● Input data

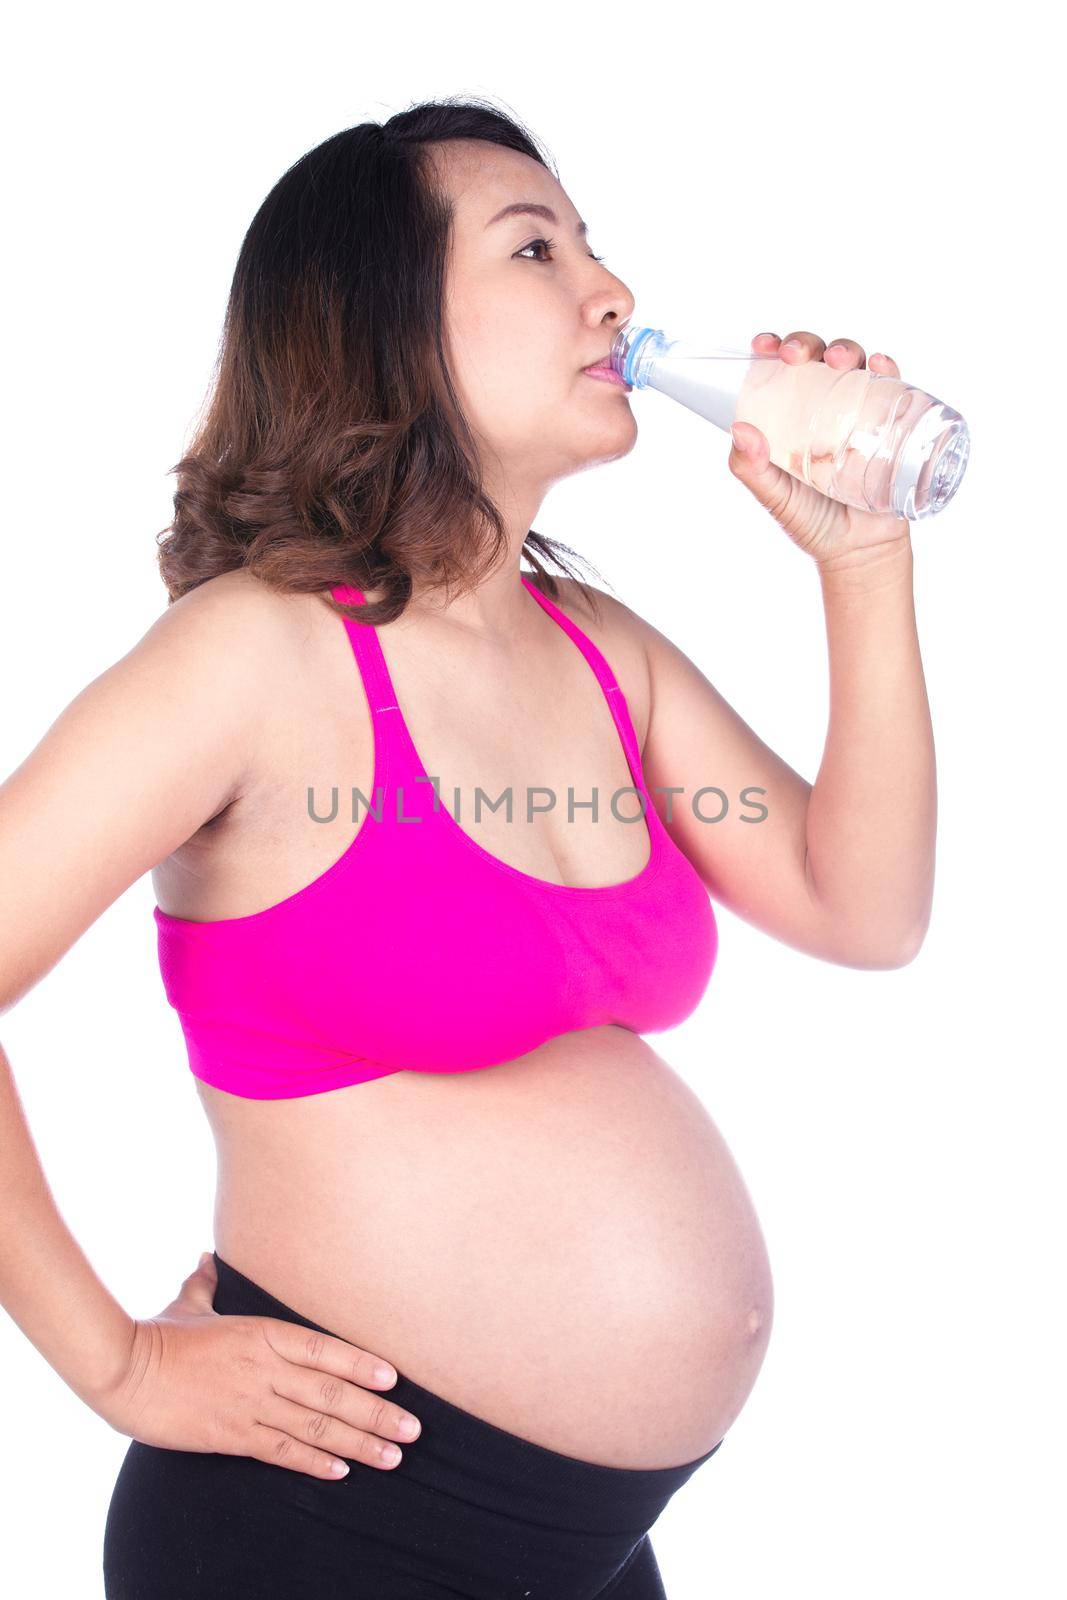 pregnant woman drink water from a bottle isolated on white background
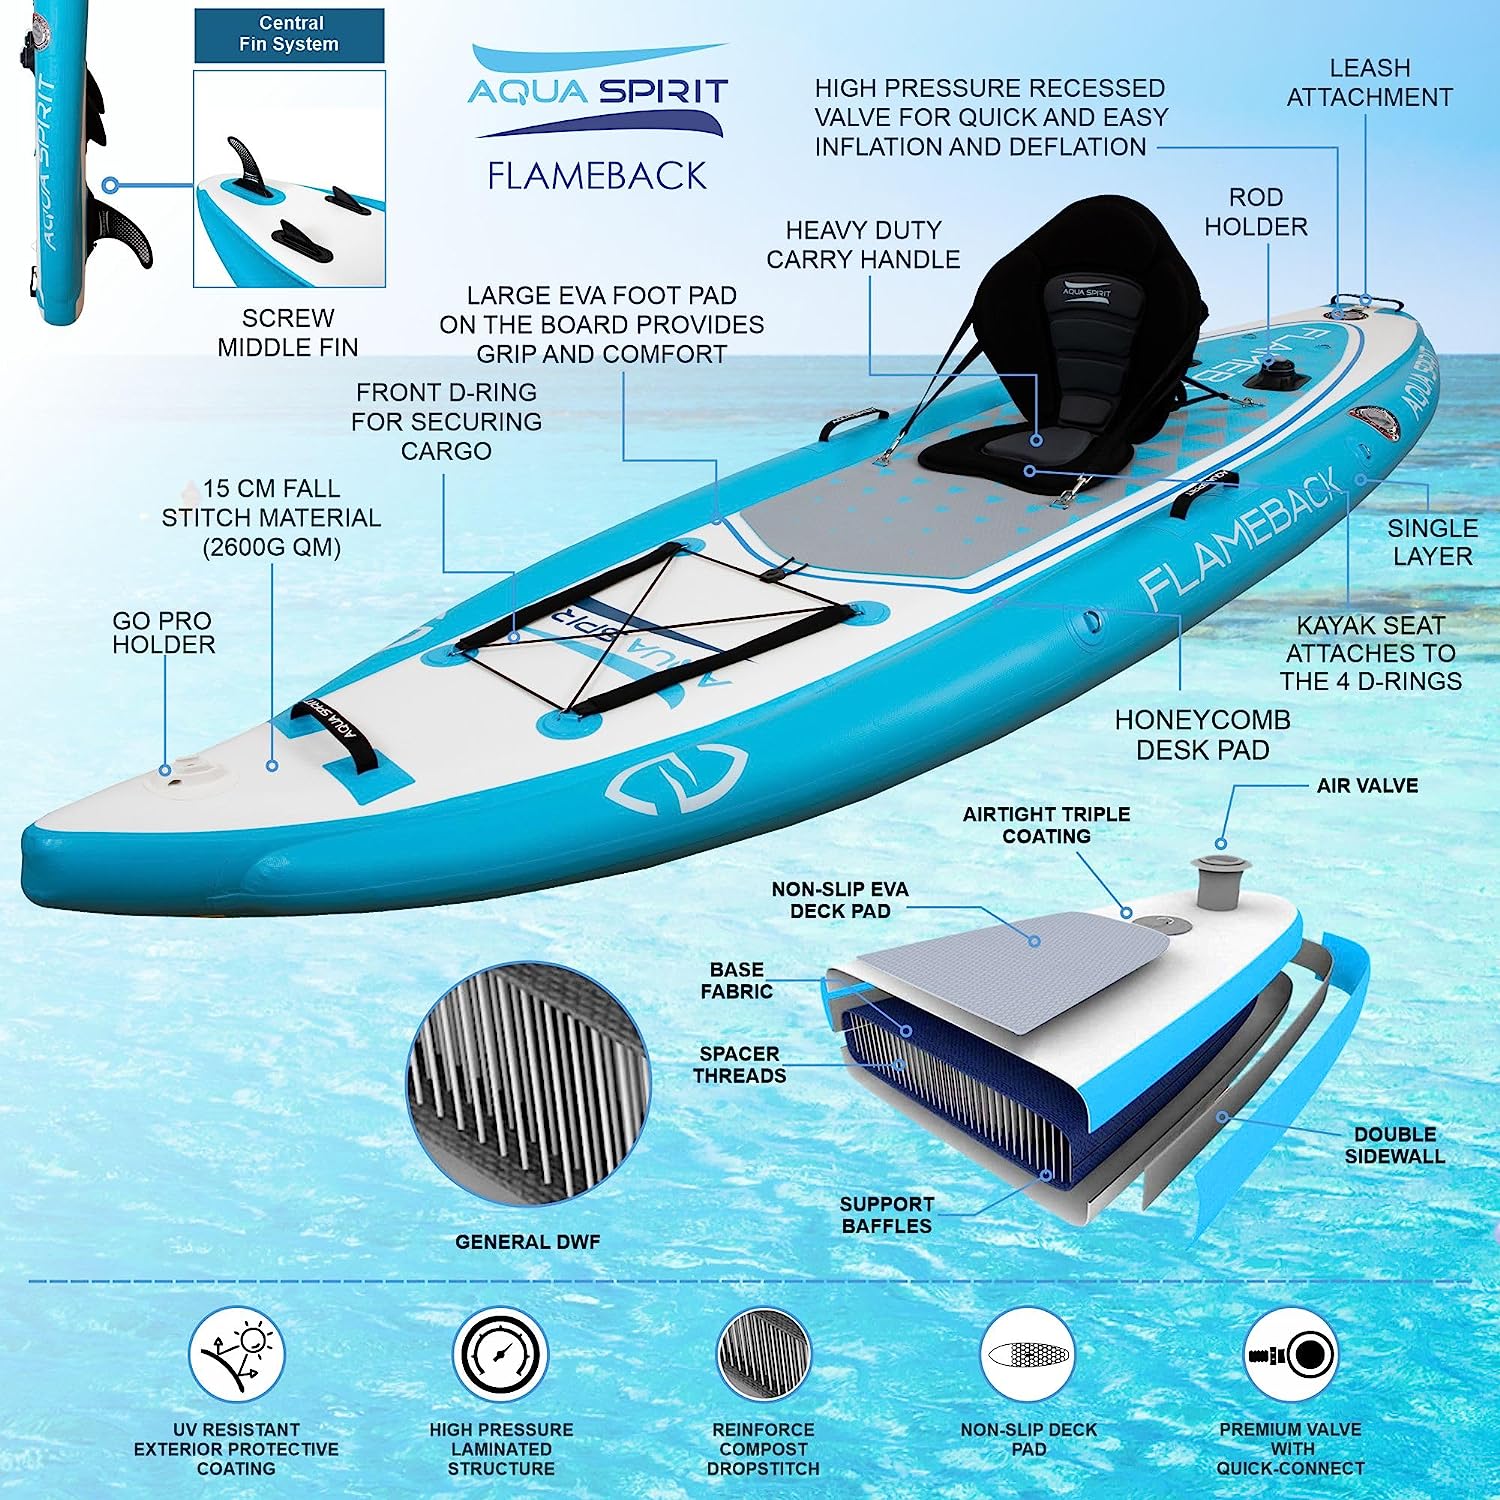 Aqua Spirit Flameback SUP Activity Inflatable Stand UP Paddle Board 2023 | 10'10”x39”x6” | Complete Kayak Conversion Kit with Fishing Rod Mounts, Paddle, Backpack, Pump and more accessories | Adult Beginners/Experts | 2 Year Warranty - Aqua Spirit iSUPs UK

---

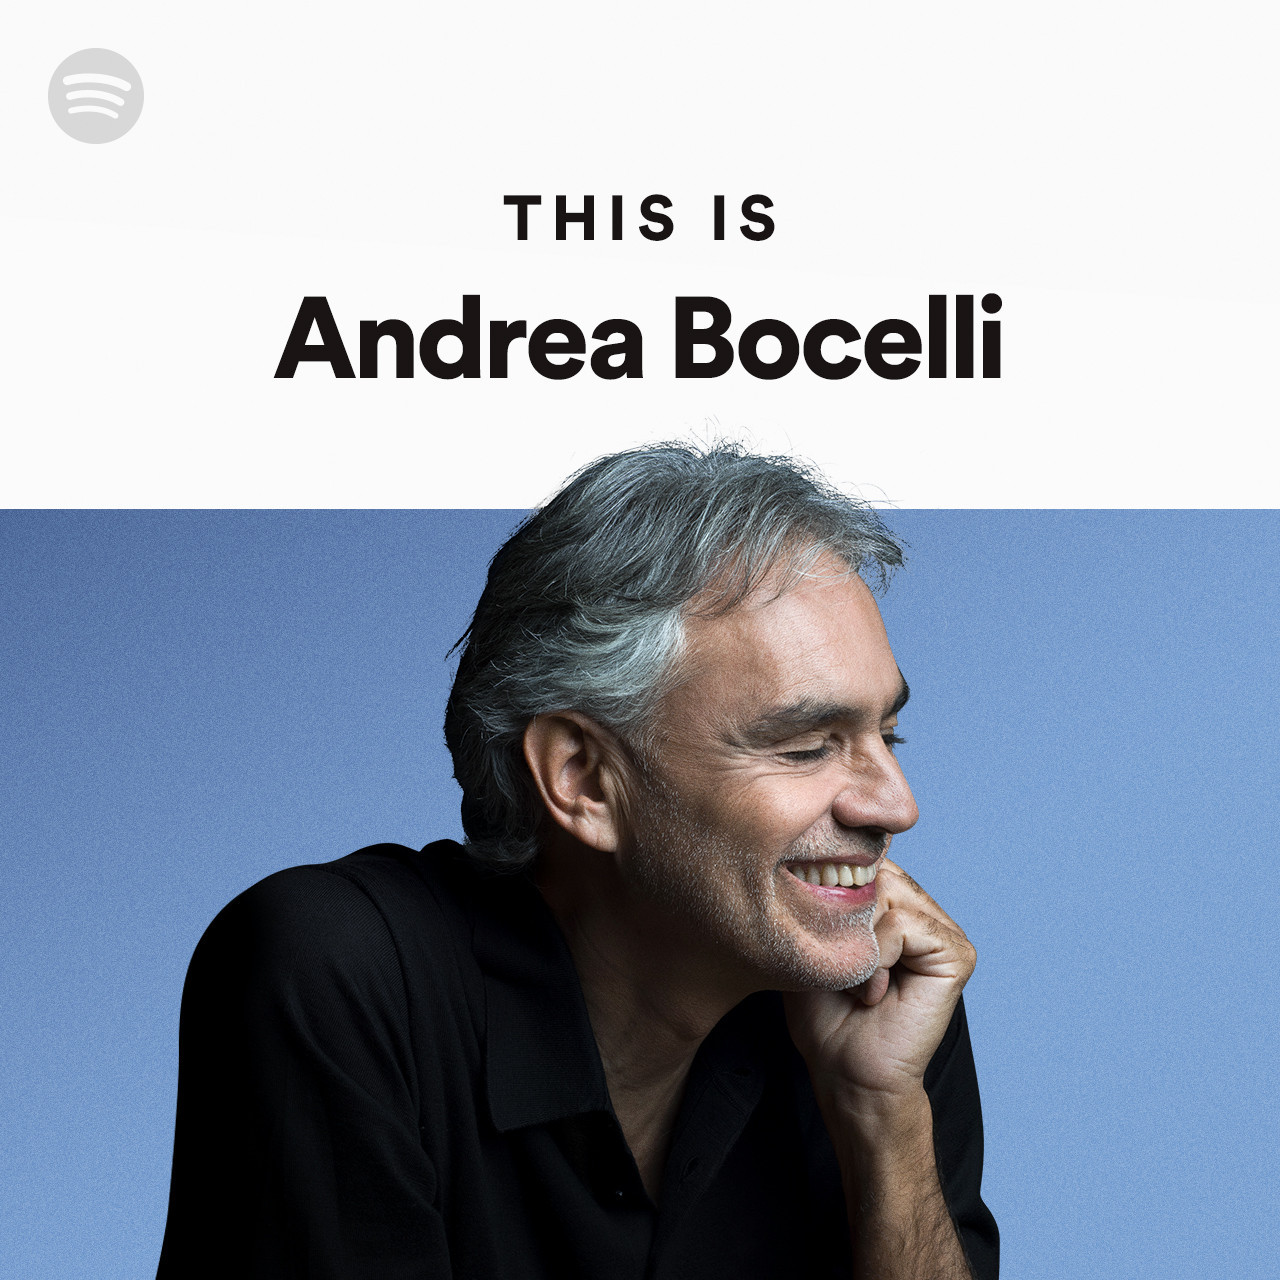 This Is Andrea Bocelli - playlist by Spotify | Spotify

● Work order
Extract, without any images, the part of the material above that opens with the line containing "pregnant woman drink" and closes with the line containing "Aqua Spirit Flameback", both lines included.

● Result
 pregnant woman drink water from a bottle isolated on white background
 Aqua Spirit Flameback SUP Activity Inflatable Stand UP Paddle Board 2023 | 10'10”x39”x6” | Complete Kayak Conversion Kit with Fishing Rod Mounts, Paddle, Backpack, Pump and more accessories | Adult Beginners/Experts | 2 Year Warranty - Aqua Spirit iSUPs UK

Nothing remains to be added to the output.